Computational systems seek to address the limitations of hyper-converged infrastructure systems, in which users can only scale compute and storage by purchasing additional nodes. These newer technologies are designed to help organizations maximize the value of their compute and storage hardware spending, said Randy Kerns, a storage analyst at Evaluator Group, based in Boulder, Colo.
Randy KernsAnalyst, Evaluator Group
"You're going to see some of these products implemented with apps that are data-intensive and that need some degree of data manipulation" to condition data for AI and machine learning, Kerns said.
Nvidia Corp. has emerged as an influential player. Best known as a chipmaker for multimedia gaming, Nvidia has integrated its DGX supercomputer systems in storage systems via OEM deals. In separate transactions last year, Nvidia snagged computer networking company Mellanox Technologies and SwiftStack object storage, which is part of the Nvidia AI stack. (Nvidia's planned $40 billion takeover of chip designer Arm Holdings may be in jeopardy, however, with industry rivals urging federal regulators to review the deal.)
Nvidia's aggressive pursuit of data centers raised the antennae of Intel, which responded by acquiring AI chipmaker Habana Labs in 2019.

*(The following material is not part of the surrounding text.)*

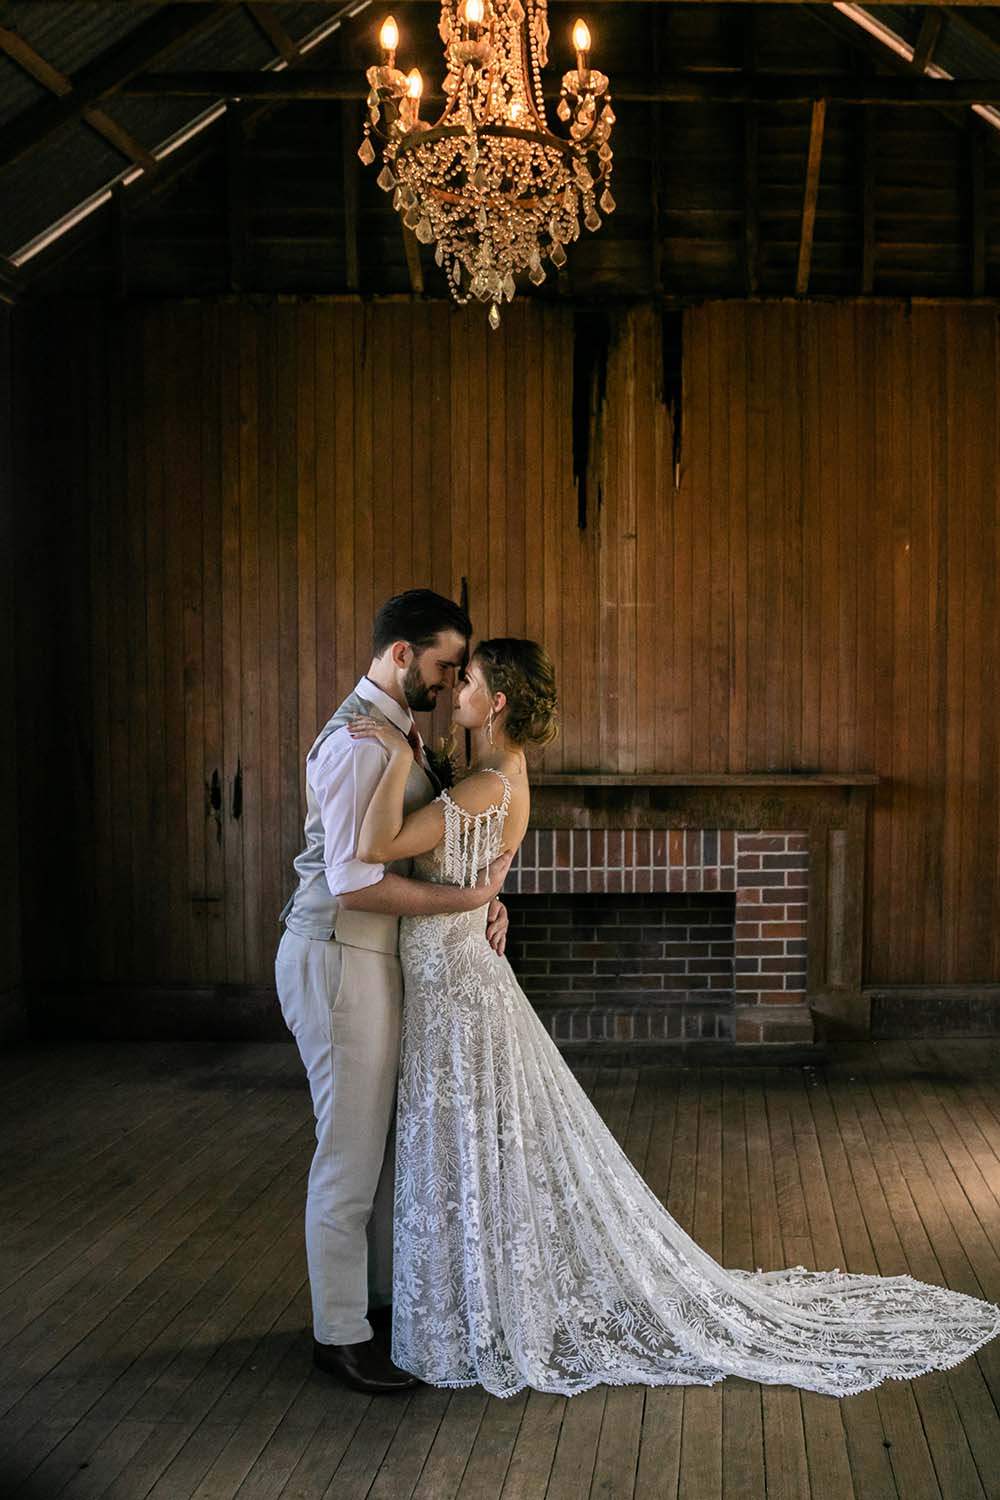 Wedding Photography - Couple embracing in rustic shed

Fungible Data Center components
Fungible's projected users include large enterprises, research labs and service providers. That pits the startup against legacy vendors with composable infrastructure systems, including Hewlett Packard Enterprise's Synergy and Dell EMC's PowerEdge MX.
Pyla said Fungible Data Center was engineered to get the most of commodity bare metal, including standard top-of-rack Ethernet switches that connect to data center spines. The system comes with diskless servers that contain CPU, memory and Fungible's PCIe-based controller card, which offloads the x86 hypervisor data path to avoid wasted cycles.
The 2U Fungible FS1600 data plane accepts 24 U.2 NVMe SSDs. Compression, encryption and erasure coding are native data services. The out-of-band Fungible Composer virtualizes the bare-metal components into disaggregated services.
"In most places, we expect people will start with a half rack to one rack for high performance and then expand to run everything else in a way that is future-proof," Pyla said.
Fungible Data Center is available in small, medium and large configurations. Small and medium configurations include two FS1600 nodes with 92 TB of raw capacity, with the medium option having twice as many compute nodes (16). The largest configuration scales to seven storage nodes, 1.29 TB of storage and 32 compute nodes. Each option supports three composer nodes. Fungible Data Center pricing depends on the subscription, although the vendor did not provide specifics.